INFORMATION SHOWN>
....
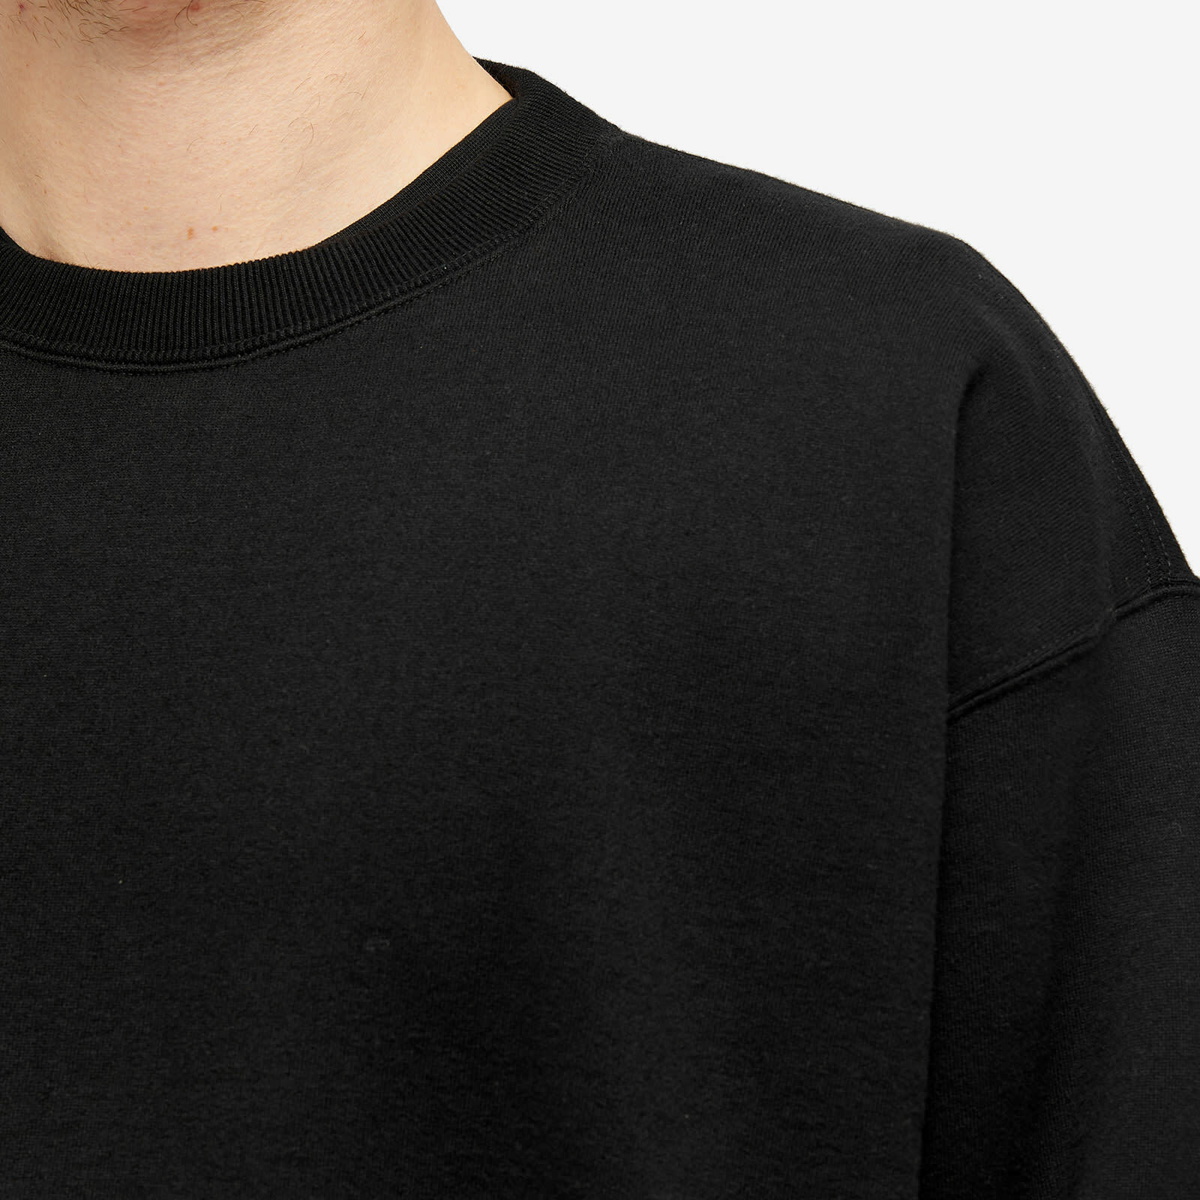 AURALEE: Black Crewneck Sweater
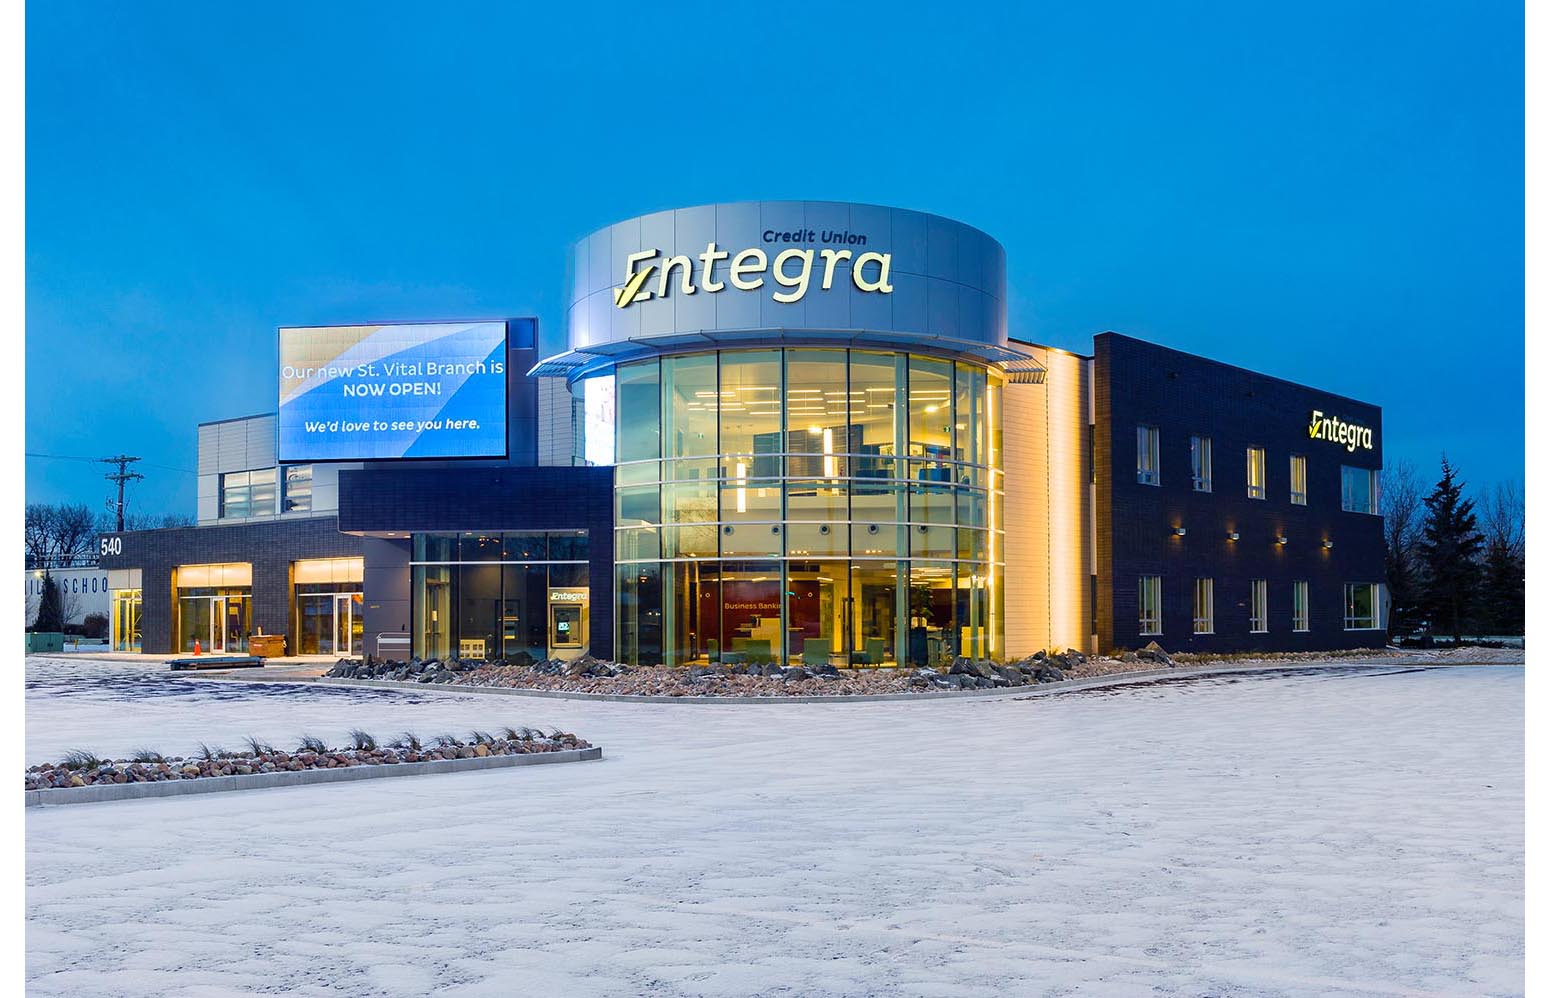  Entegra Credit Union, exterior photo of building at dusk / Photo: Joel Ross 
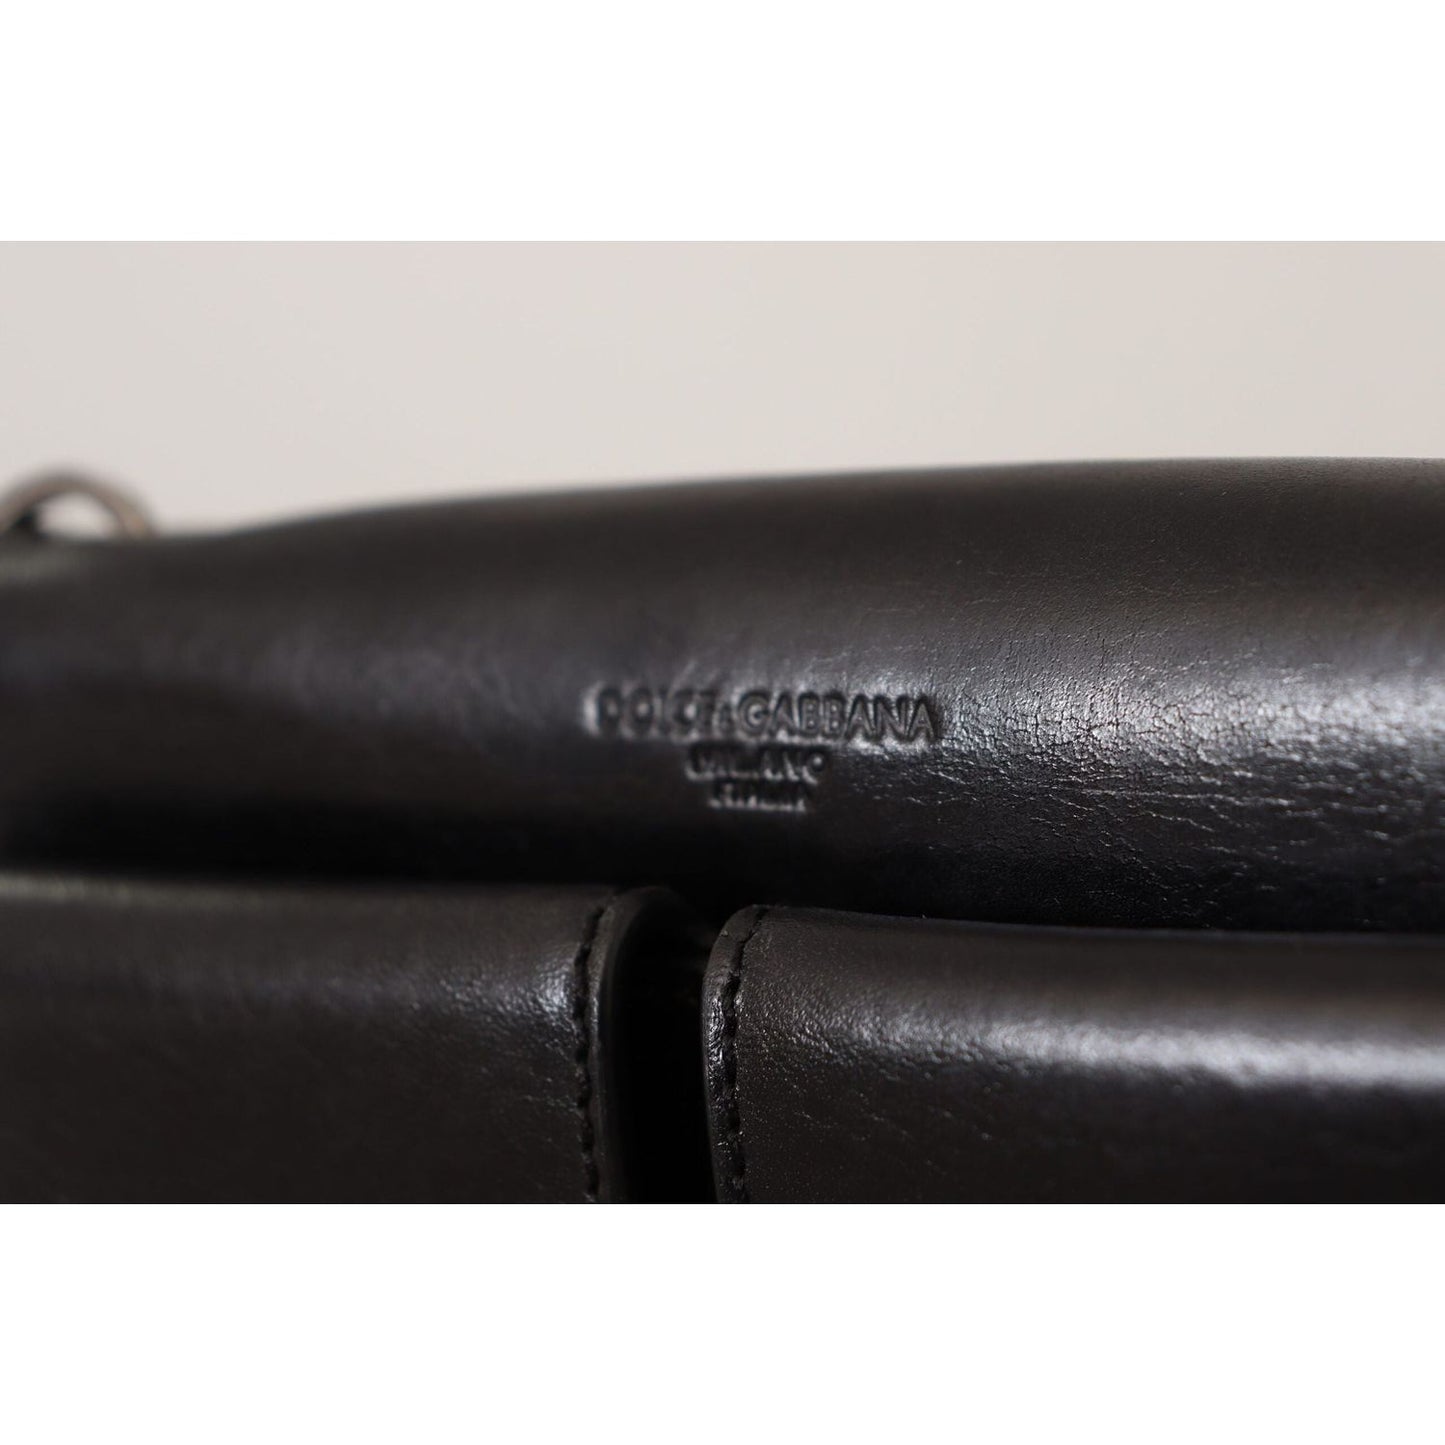 Dolce & GabbanaElegant Mini Leather Wallet in Timeless BlackMcRichard Designer Brands£629.00
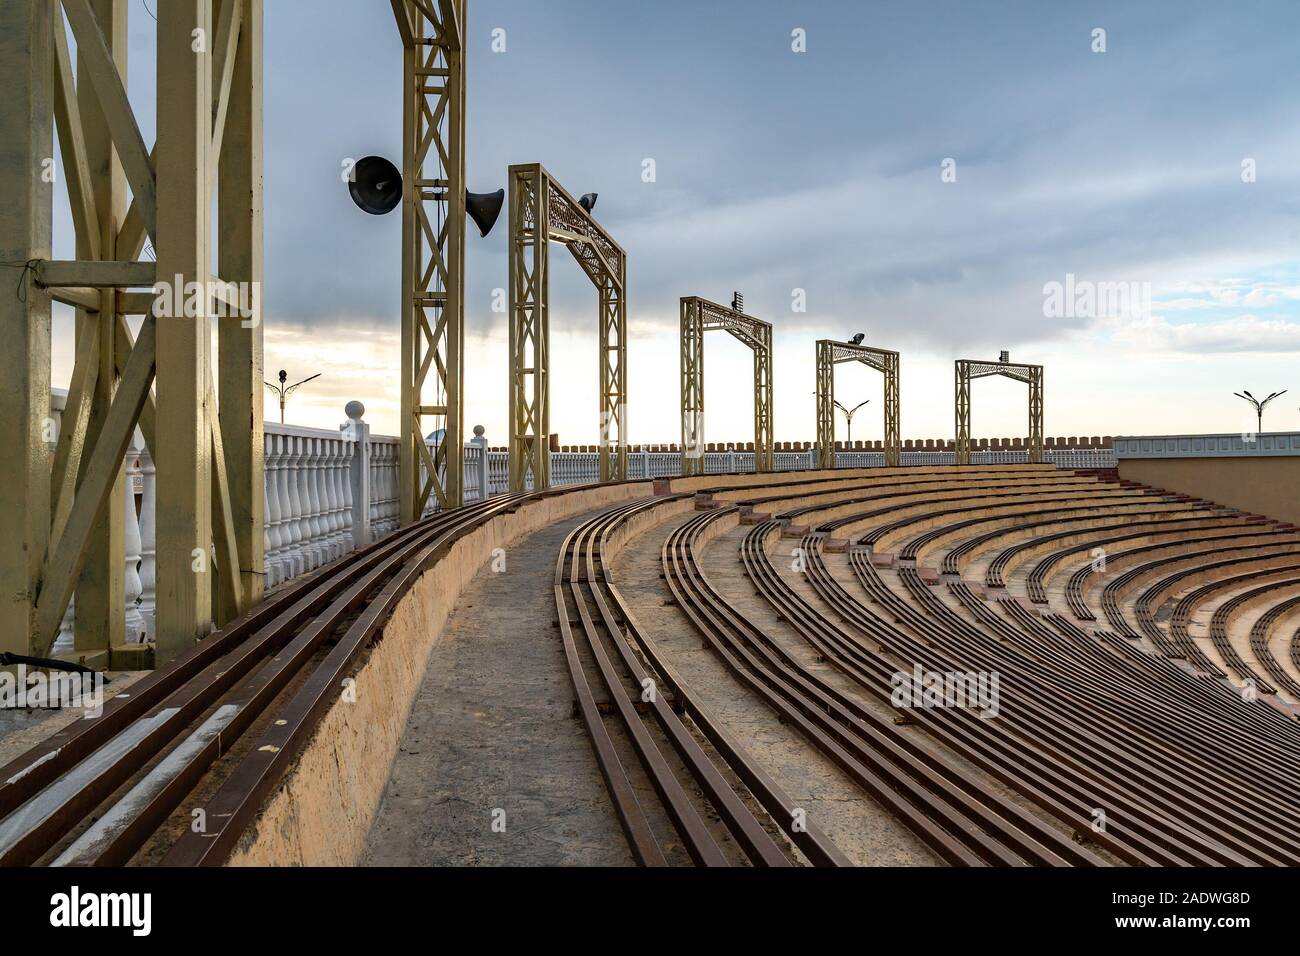 Istaravshan Kalai Mug Teppe Fortress View of Empty Amphitheater on a Cloudy Rainy Day Stock Photo
....
AIM OF THE EXERCISE>
Go through the listing above and retype each line exactly, apart from the pictures.

TASK ANSWER>
 AURALEE: Black Crewneck Sweater
  Entegra Credit Union, exterior photo of building at dusk / Photo: Joel Ross 
 Dolce & GabbanaElegant Mini Leather Wallet in Timeless BlackMcRichard Designer Brands£629.00
 Istaravshan Kalai Mug Teppe Fortress View of Empty Amphitheater on a Cloudy Rainy Day Stock Photo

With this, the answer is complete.